礼がさらにその上から手を被せ、冬香の手だけ剥がして持って行く。

その握った手をゆっくり下ろしながら、雷太に向かって説明した。

「目の前の飲み物が、不味いと分かっていても手が出る。そこに飲める物があって、自分に出されたものだと認識しているから」

突然何を言われたのだろうと、雷太は礼の目を見て瞬きをする。しかし礼は気にする様子もなく、続けて口を開く。

「無意識に行われる行動の延長線上に、自分への保護がある。これは能力者、非能力者に関わらず、本能によって行われる力の作用だ。今みたいに無意識と意識が混濁していると、行動がチグハグに見えるかもしれないが、実は本能で自分を守っている。多分、怨霊に対するお前の勘は正しい。だけど信じてやれ、妹の生きる力を」

雷太は言われたことの意味が分からず、しばし固まったように考えていた。

じっと自分の指を見つめていたが、納得したように頷く。

「なんとなく、わかりました。その本能は妹にもあって、無意識でも自分を守ってたって事ですよね。菖蒲(あやめ)が善か悪か分からなくても、いかに表面上の言葉で懐柔されていても、俺や仲間を悲しませる選択はしないって信じる事にします」

礼が無言で頷き、雷太はまっすぐその目を見て言った。

「連れていってください、怨霊退治に」

そんな雷太の決意を見た冬香(とうか)は、若月の消えた方に視線を送る。

「少し時間がかかっていますね」

呟く様に言うと、するりと礼の側を離れ入口側へ向かう。

振り返った雷太が目で追っていると、冬香はデスクから何かの本を取り視界から消えた。

首を戻した雷太が、冬香の抜けた後の腕を持て余していた礼に言う。

「仲良しですね」

腕をテーブルに乗せ顎を手に置いた礼は、今度は口から長めの息を吐き出して言う。

「オレが一方的に絡んでるだけで、仲が良いわけじゃない」

そう言うと、つまらなさそうに窓に目を向ける。雷太は首を傾げながら答えた。

「そうですか? 彼女も気を許しているように見えたんですけど」

チラリと雷太を見る礼。

「そうか? 本当に?」

意外な反応に、雷太は少し上体を逸らして頷く。表情は変わっていないのに、ほんの少し機嫌が良くなっているような気がした。

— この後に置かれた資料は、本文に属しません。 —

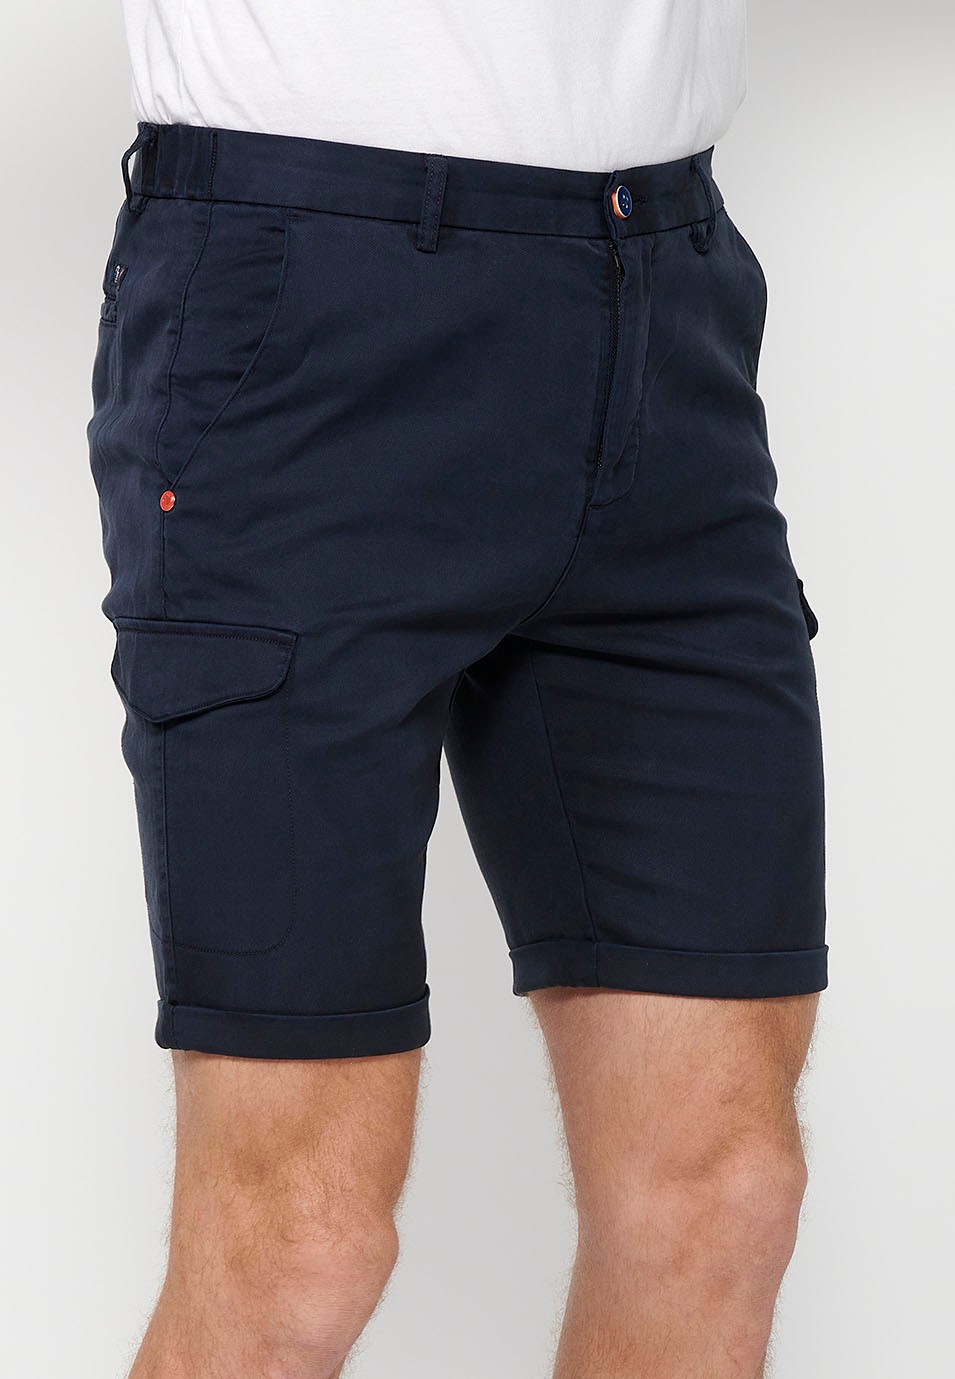 Pantalón corto con Cintura engomada y cierre con cremallera y botón con Bolsillos, dos laterales con solapa de Color Navy para Hombre

「少なくとも、嫌がってはないですよね。されるがままですし、信頼しているからこそなんじゃないですか」

礼の口角が上がりそうに動いたその瞬間、雷太の背後から若月の声。

「待たせたわね」

振り返った雷太の目に入ってきたのは、青い小箱の代わりに絵画を持った若月だった。

「初めての感じで、イメージに手間取ったの。冬香ちゃんが画集を持ってきてくれて助かったわ」

若月に微笑みながら、嬉しそうな冬香が一緒に戻ってくる。

「なんですか、その絵」

雷太の声に、礼も若月の手元を見る。

「3種類目か」

礼の言葉に雷太の首が戻る。

「その絵は一体……? それに、初めてじゃなかったんですか?」

「この絵はカシェットって呼ぶ事にしたのよ。この調整は昨日から何度か行っているから問題ないの。ただ、中に入るのは初めてよ。何しろ時間がなくて」

「はぁ」

言われている事の半分も理解していない雷太は、ただ相槌を打つしかない。

「簡単に説明するわね。昨日、過去に閉じ込めた怨霊……つまりはストックしていた、さっきの青い小箱をいくつかこれに変えてみたの」

若月はそう言いながら、雷太の前にその絵を置いた。縦割りの遠近感がチグハグになった絵で、背景は自分の通っている高校だ。遠くに菖蒲らしき学生と、その横には美卯もいた。

「まず怨霊単体を閉じ込めた場合。絵はこうなったの」

別の絵を見せられる。そこには部屋いっぱいに薔薇の花が描かれていた。

「次に怨霊憑きの人ごと、絵に変換した場合はこう」

暗い森の中に小さな家がある。森の中は夜の様に暗いが、上には眩しいくらいの青空が広がる絵だ。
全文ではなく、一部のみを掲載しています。